START Source data

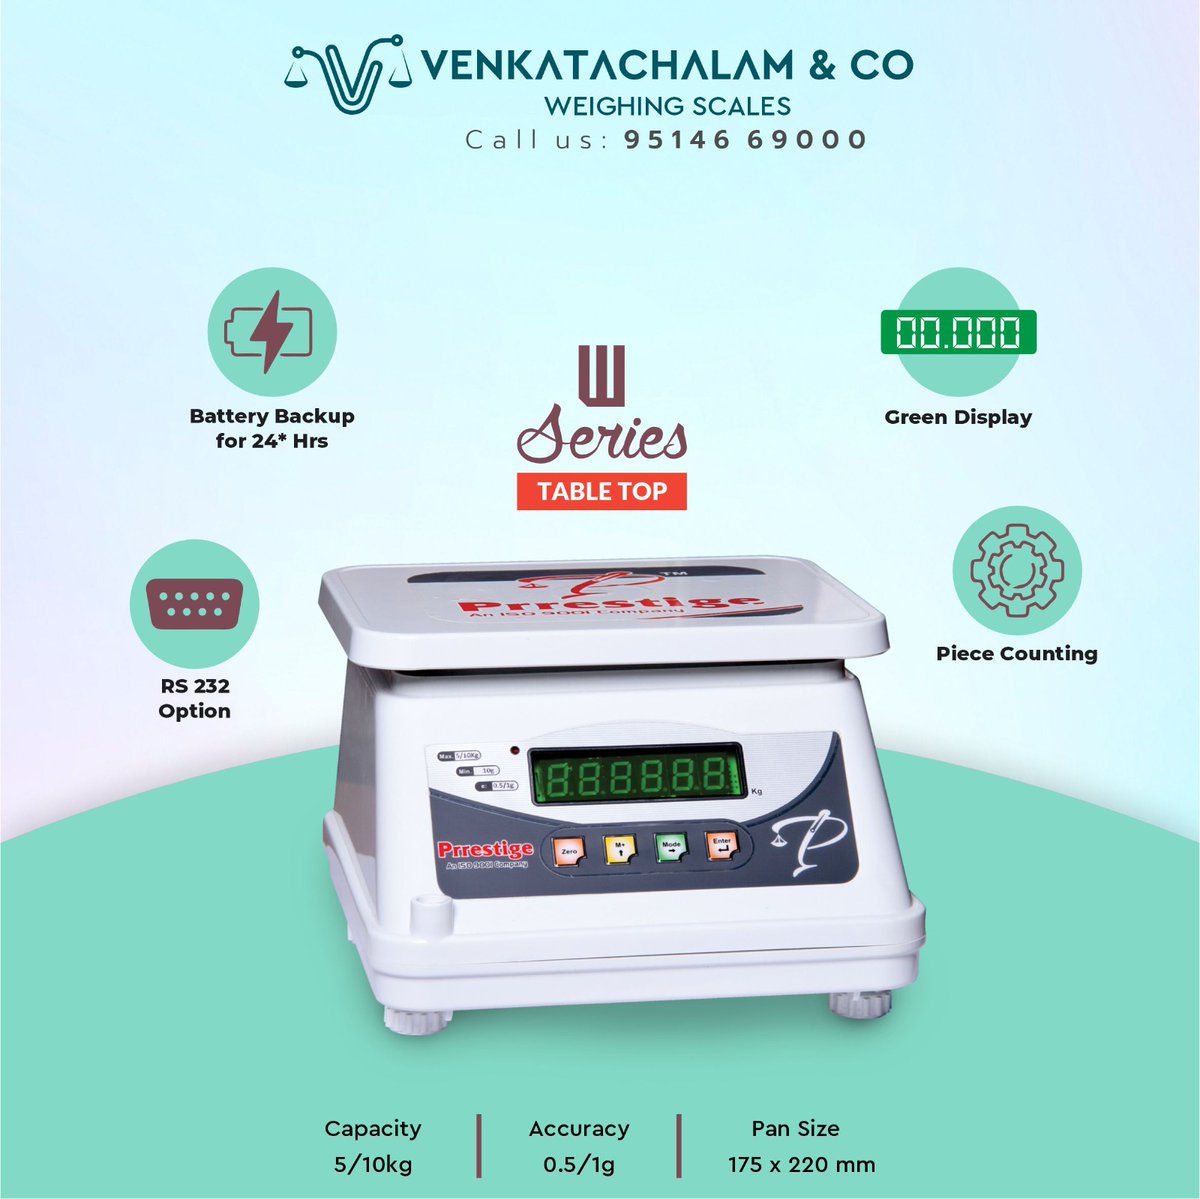 Prrestige's Table Top Scale - W series

Available in 10kg and 20kg weight capacities. Perfect for #sweetstall #grocerystore #fruitshop #Retailer #streetvendor
.
.
#venkatachalamandco #prrestigescale #Digitalscales #smallbusiness #weighingscale #Weighingmachine #compact #precise

END Source data

▶ _Exercise requirements_
Copy every line of the records exactly as it is written, but not the pictures.

▶ _Answer to this problem_
 Prrestige's Table Top Scale - W series

Available in 10kg and 20kg weight capacities. Perfect for #sweetstall #grocerystore #fruitshop #Retailer #streetvendor
.
.
#venkatachalamandco #prrestigescale #Digitalscales #smallbusiness #weighingscale #Weighingmachine #compact #precise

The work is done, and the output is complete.